The following commit(s) were added to refs/heads/master by this push:
     new ec4d155  [FLINK-17769] Wrong order of log events on a task failure
ec4d155 is described below

commit ec4d155101faa2c1979c4981457e63d657068169
Author: Yuan Mei <[email protected]>
AuthorDate: Wed Jun 17 13:04:56 2020 +0800

    [FLINK-17769] Wrong order of log events on a task failure
    
    When a task failure occurs, the error of disposing of an operator is logged
    before the real rootcasue is printed, which is confusing.
    
    This fix suppressed exception occurring in disposing of an operator and
    attached the exception together with the rootcause.
---
 .../flink/streaming/runtime/tasks/StreamTask.java  | 108 ++++++++++-----------
 .../streaming/runtime/tasks/StreamTaskTest.java    |  30 ++++--
 2 files changed, 76 insertions(+), 62 deletions(-)

diff --git 
a/flink-streaming-java/src/main/java/org/apache/flink/streaming/runtime/tasks/StreamTask.java
 
b/flink-streaming-java/src/main/java/org/apache/flink/streaming/runtime/tasks/StreamTask.java
index a7d04d2..e65537f 100644
--- 
a/flink-streaming-java/src/main/java/org/apache/flink/streaming/runtime/tasks/StreamTask.java
+++ 
b/flink-streaming-java/src/main/java/org/apache/flink/streaming/runtime/tasks/StreamTask.java
@@ -541,8 +541,10 @@ public abstract class StreamTask<OUT, OP extends 
StreamOperator<OUT>>
                        try {
                                cleanUpInvoke();
                        }
+                       // TODO: investigate why Throwable instead of Exception 
is used here.
                        catch (Throwable cleanUpException) {
-                               throw (Exception) 

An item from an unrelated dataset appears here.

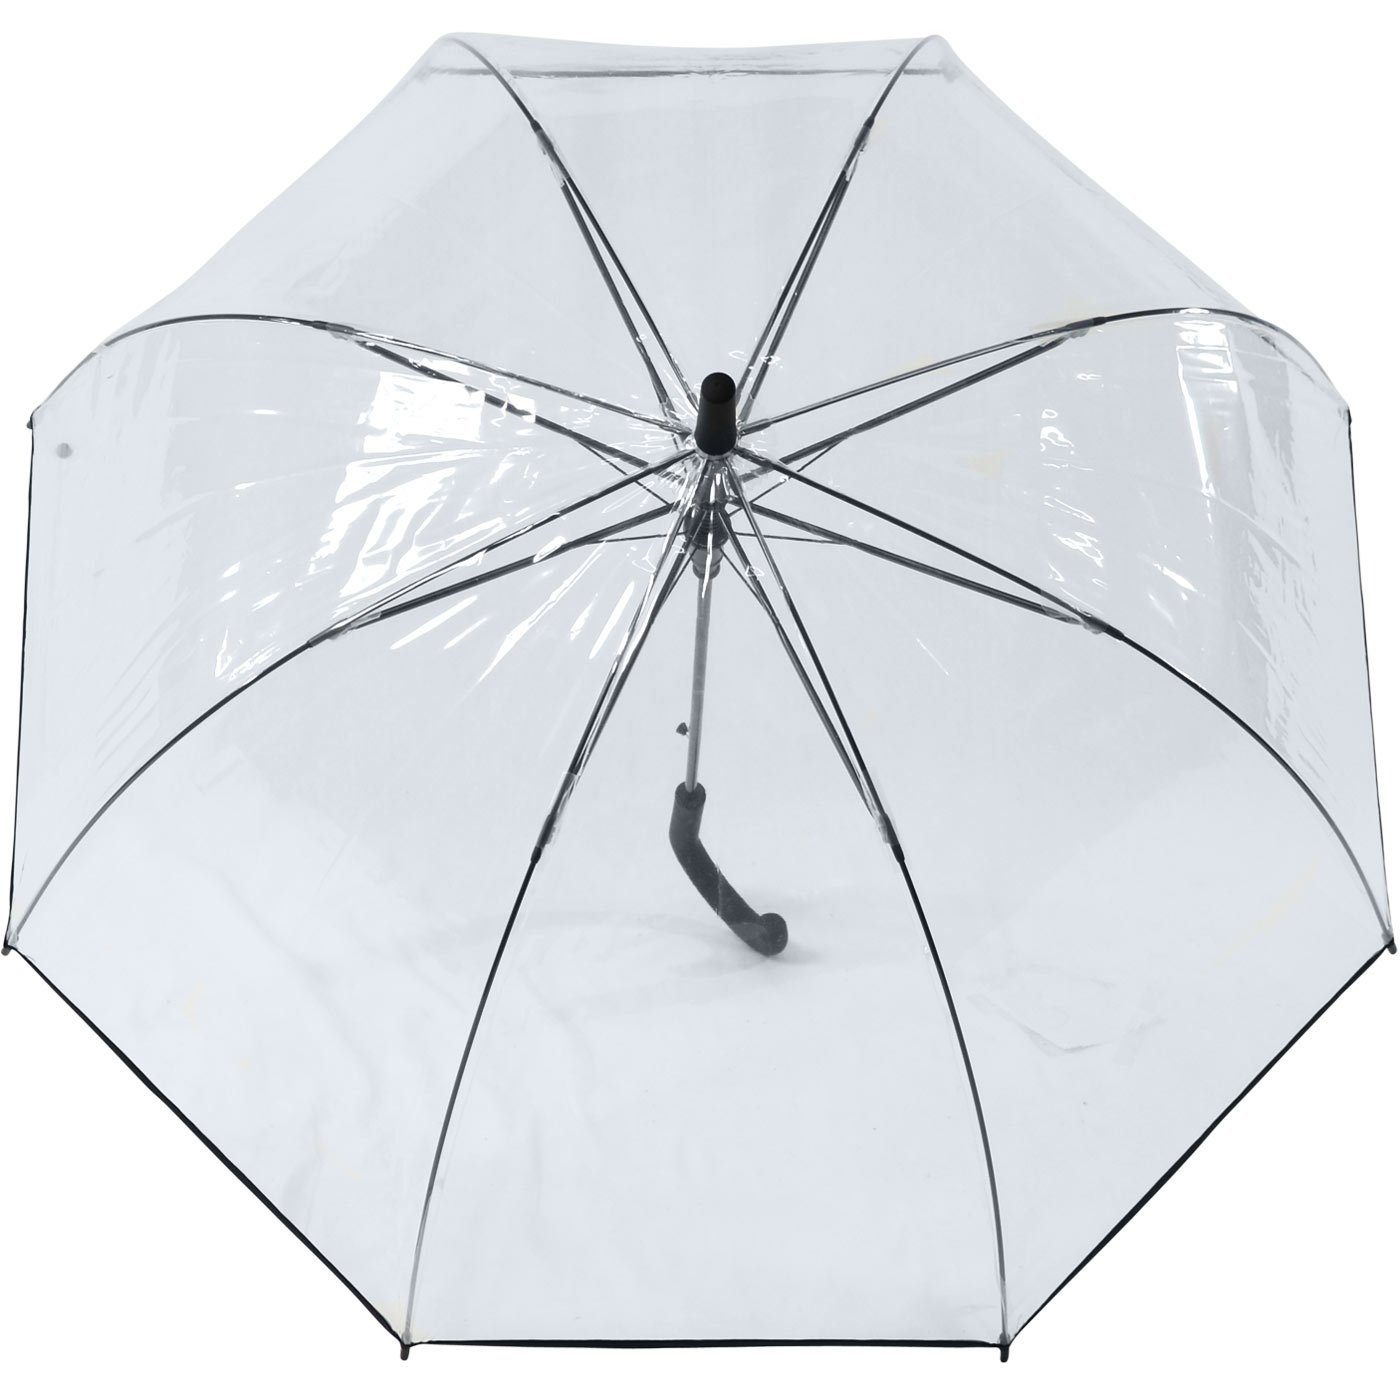 für perfekte Langregenschirm Automatik Impliva die Frisur Schutz der Falconetti® transparent, Glockenschirm durchsichtig,

ExceptionUtils.firstOrSuppressed(cleanUpException, invokeException);
+                               Throwable throwable = 
ExceptionUtils.firstOrSuppressed(cleanUpException, invokeException);
+                               throw (throwable instanceof Exception ? 

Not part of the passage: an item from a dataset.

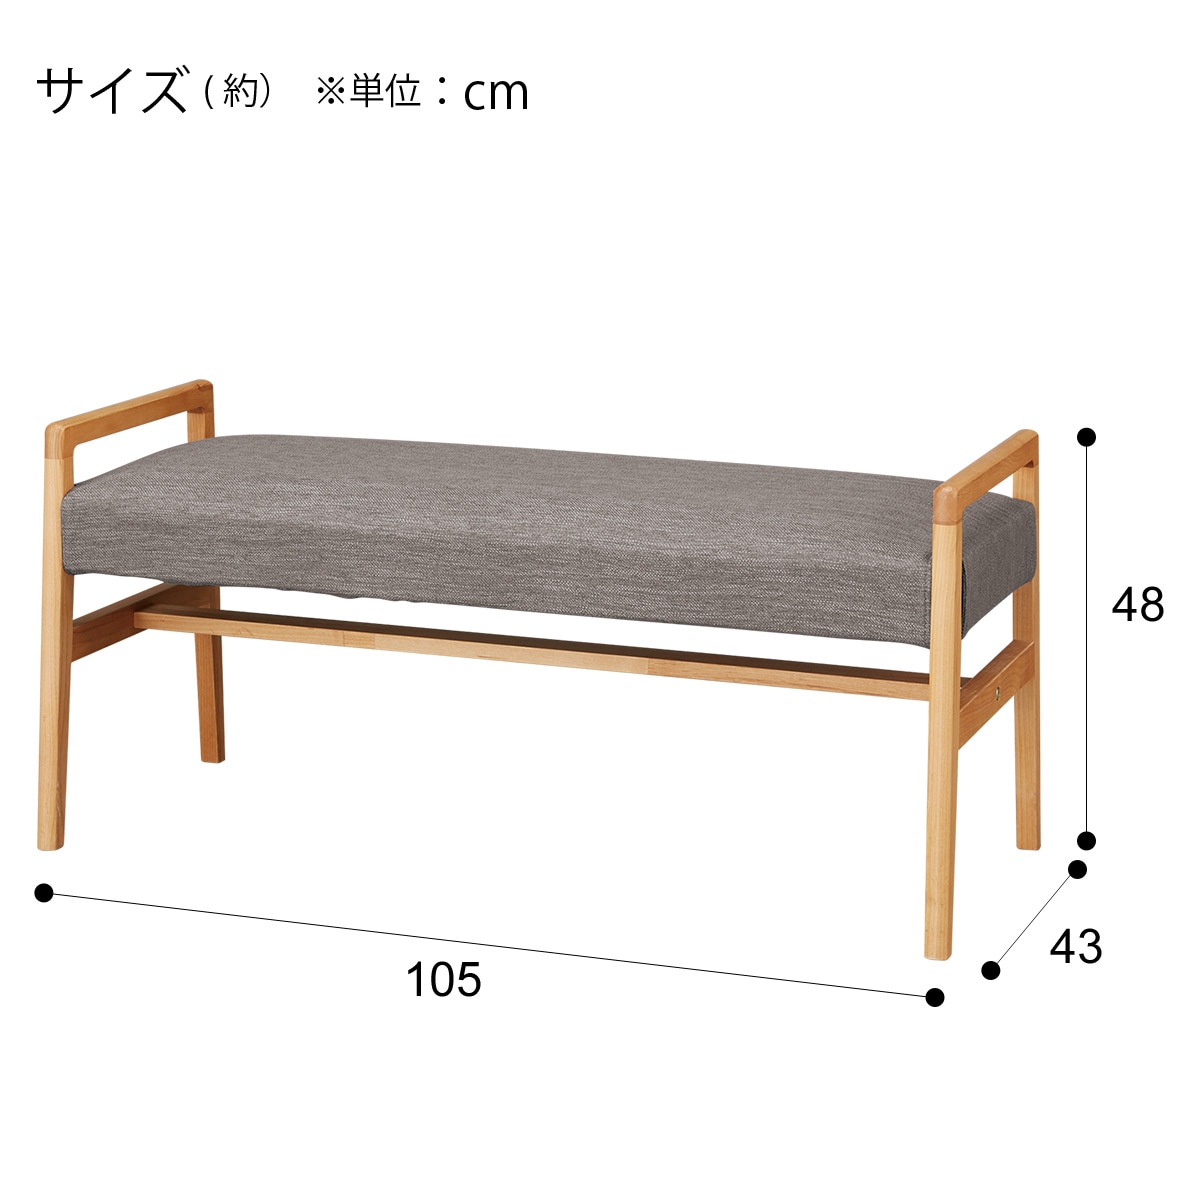 ベンチ(アルナスDF105LBR/DRAV-GY)通販 | ニトリネット【公式】 家具

(Exception) throwable : new Exception(throwable));
                        }
                        throw invokeException;
                }
@@ -593,8 +595,7 @@ public abstract class StreamTask<OUT, OP extends 
StreamOperator<OUT>>
 
                // make an attempt to dispose the operators such that failures 
in the dispose call
                // still let the computation fail
-               disposeAllOperators(false);
-               disposedOperators = true;
+               disposeAllOperators();
        }
 
        protected void cleanUpInvoke() throws Exception {
@@ -612,45 +613,28 @@ public abstract class StreamTask<OUT, OP extends 
StreamOperator<OUT>>
                Thread.interrupted();
 
                // stop all timers and threads
-               tryShutdownTimerService();
+               Exception suppressedException = 
runAndSuppressThrowable(this::tryShutdownTimerService, null);
 
                // stop all asynchronous checkpoint threads
-               try {
-                       cancelables.close();
-                       shutdownAsyncThreads();
-               } catch (Throwable t) {
-                       // catch and log the exception to not replace the 
original exception
-                       LOG.error("Could not shut down async checkpoint 
threads", t);
-               }
+               suppressedException = 
runAndSuppressThrowable(cancelables::close, suppressedException);
+               suppressedException = 
runAndSuppressThrowable(this::shutdownAsyncThreads, suppressedException);
 
                // we must! perform this cleanup
-               try {
-                       cleanup();
-               } catch (Throwable t) {
-                       // catch and log the exception to not replace the 
original exception
-                       LOG.error("Error during cleanup of stream task", t);
-               }
+               suppressedException = runAndSuppressThrowable(this::cleanup, 
suppressedException);
 
                // if the operators were not disposed before, do a hard dispose
-               disposeAllOperators(true);
+               suppressedException = 
runAndSuppressThrowable(this::disposeAllOperators, suppressedException);
 
                // release the output resources. this method should never fail.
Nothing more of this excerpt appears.